Reciprocal respect – based on character and conduct – is the only condition under which any notion of love can truly flourish…..

With that in mind, I emerge full circle with my question –how many of you can claim, hand-on-heart, that each and every member of your family is truly deserving of your love?

Mull it over, mi compadres…..

~MRDA~

This entry was posted in Uncategorized. Bookmark the permalink.

Leave a Reply

4 Responses to Is Blood Truly Thicker than Water?

  1. creactivity says:

    I love each and every member of my immediate family. Mom, Dad, Grandparents, Brother, one Brother-almost-in-law, Sister, Nephews all included. I don’t extend this to cousins (who used to be my best friends) or aunts and uncles (who engage in drama-rama).

  2. ghostdog_ says:

    I’m glad you mentioned the bible in this, because I think thats what it comes down to in the end. People will believe this ‘unconditional love’ for family because its been beaten into western civilisation by the bible (which is in the end, nothing more than a survival guide for people running round in the desert 2000 years ago).
    And no, I do not love every member of my family.

  3. lousy_timing says:

    This is first of two- possibly three- replies from me.
    I don’t love my mother. I did as a child and as a teen and young adult, I hope she would change because I loved her. She didn’t, and she continued to harm me. I barely know my biological father, so I can’t apply the word love to him, either. My sister is someone I’ve become closer to over the years, but I can’t trust her and she isn’t forthright about things. Honestly, I don’t know if I love her or not.
    Out of my “blood” family, I love my brother, my grandmother, and my two uncles.
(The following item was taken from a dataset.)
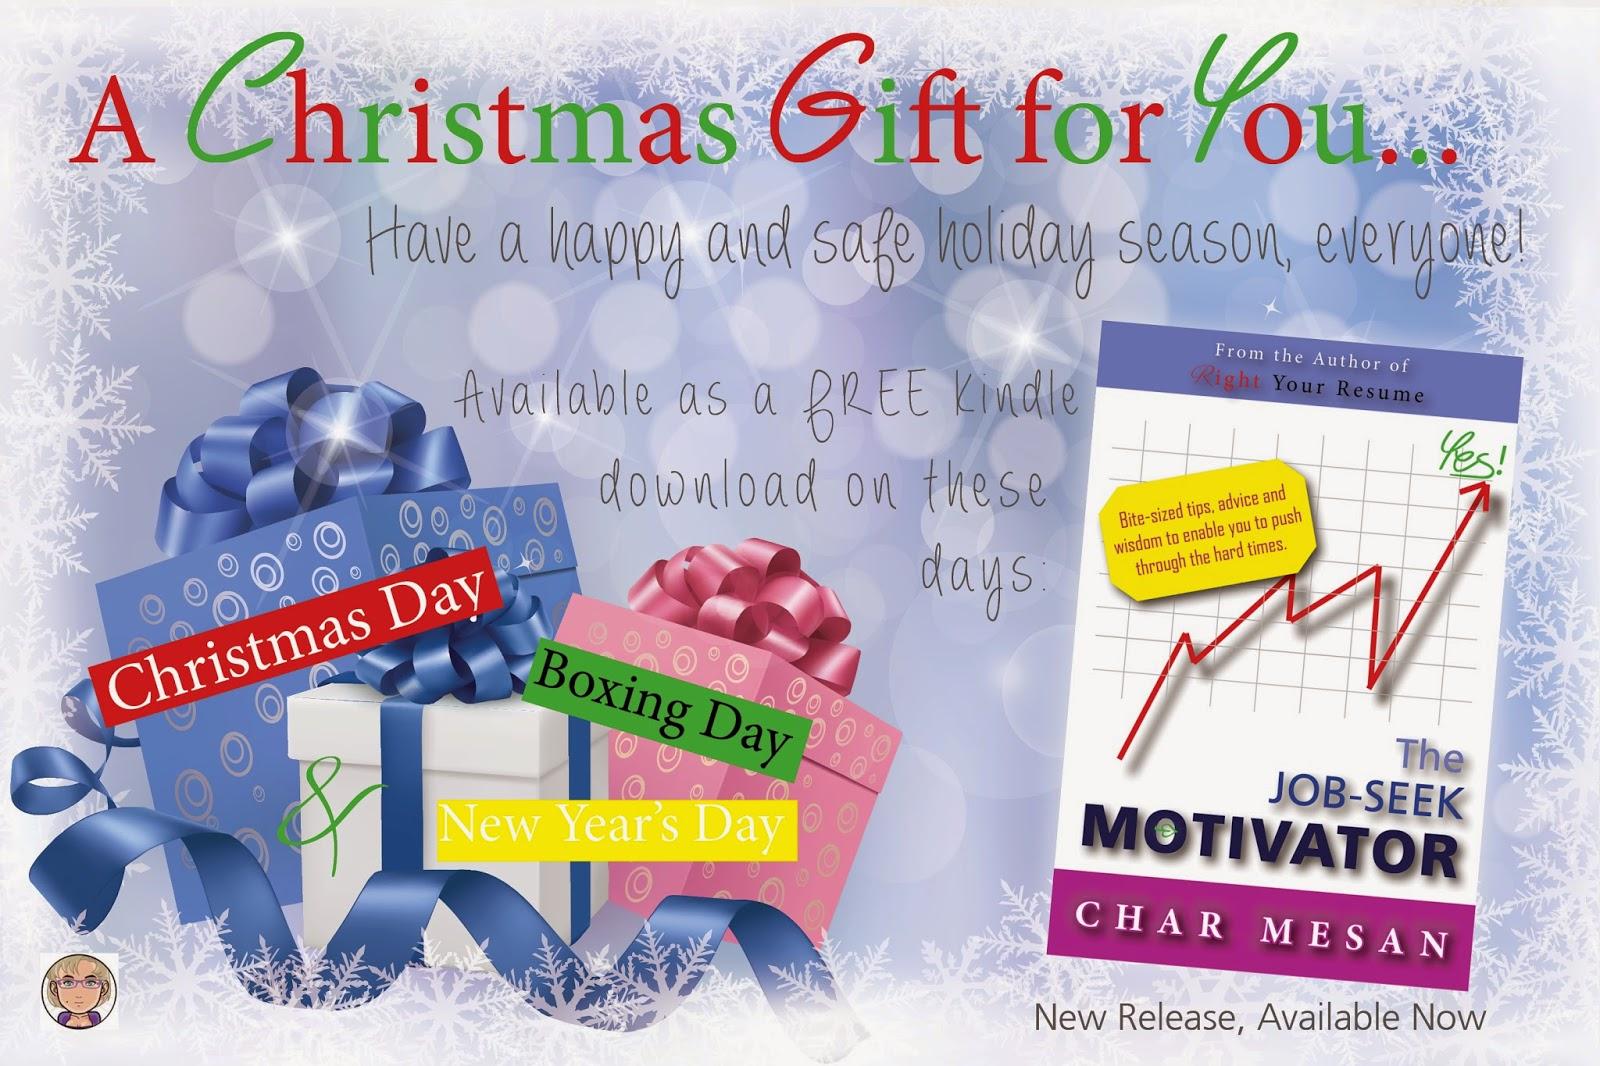 "<a href=""http://www.amazon.com/gp/offer-listing/B00R7V9PKQ/ref=as_li_tl?ie=UTF8&camp=1789&creative=9325&creativeASIN=B00R7V9PKQ&linkCode=am2&tag=chameswri-20&linkId=EEUJSFYHNXTFWQRA"">The Job-Seek Motivator: Bite-sized tips, advice and wisdom to enable you to push through the hard times</a><img src=""http://ir-na.amazon-adsystem.com/e/ir?t=chameswri-20&l=am2&o=1&a=B00R7V9PKQ"" width=""1"" height=""1"" border=""0"" alt="""" style=""border:none !important; margin:0px !important;"" />"

I loved my great-grandmother and grandfather, now deceased. I love my two children.
    I may be in a unique position to respond as a parent to the comment on obligatory love versus genuine like for ones offspring- I don’t know how many of your other LJ Friends are parents. That’s one of the other replies, though, and I have to save it for later. Warning- it may end up as a post in my journal, because it could get long.

  4. el_jaynus says:

    Good grief, I sound like a right angsty teen in that conversation! Anyway….
    It annoys me how the commandment “Honour thy mother and thy father” seems to demand respect towards someone because they happen to be in a position on authority. It can be seen today when parents give reasons such as “Because I say so” for wanting their children to obey them. I’m against people demanding respect just because of their position in comparison to others. It all translates as “You are dependant on me due to your age, which you can’t help. In my eyes, this means you have to respect me because I am older than you and you need me, whether you actually like/love me or not”.
    On the subject of loving your family…. I just don’t think many parents question their incredible love for their kids. Mine certainly never did, and if they were to question why exactly they loved me now, would probably come to the conclusion that they don’t actually like me all that much as a person.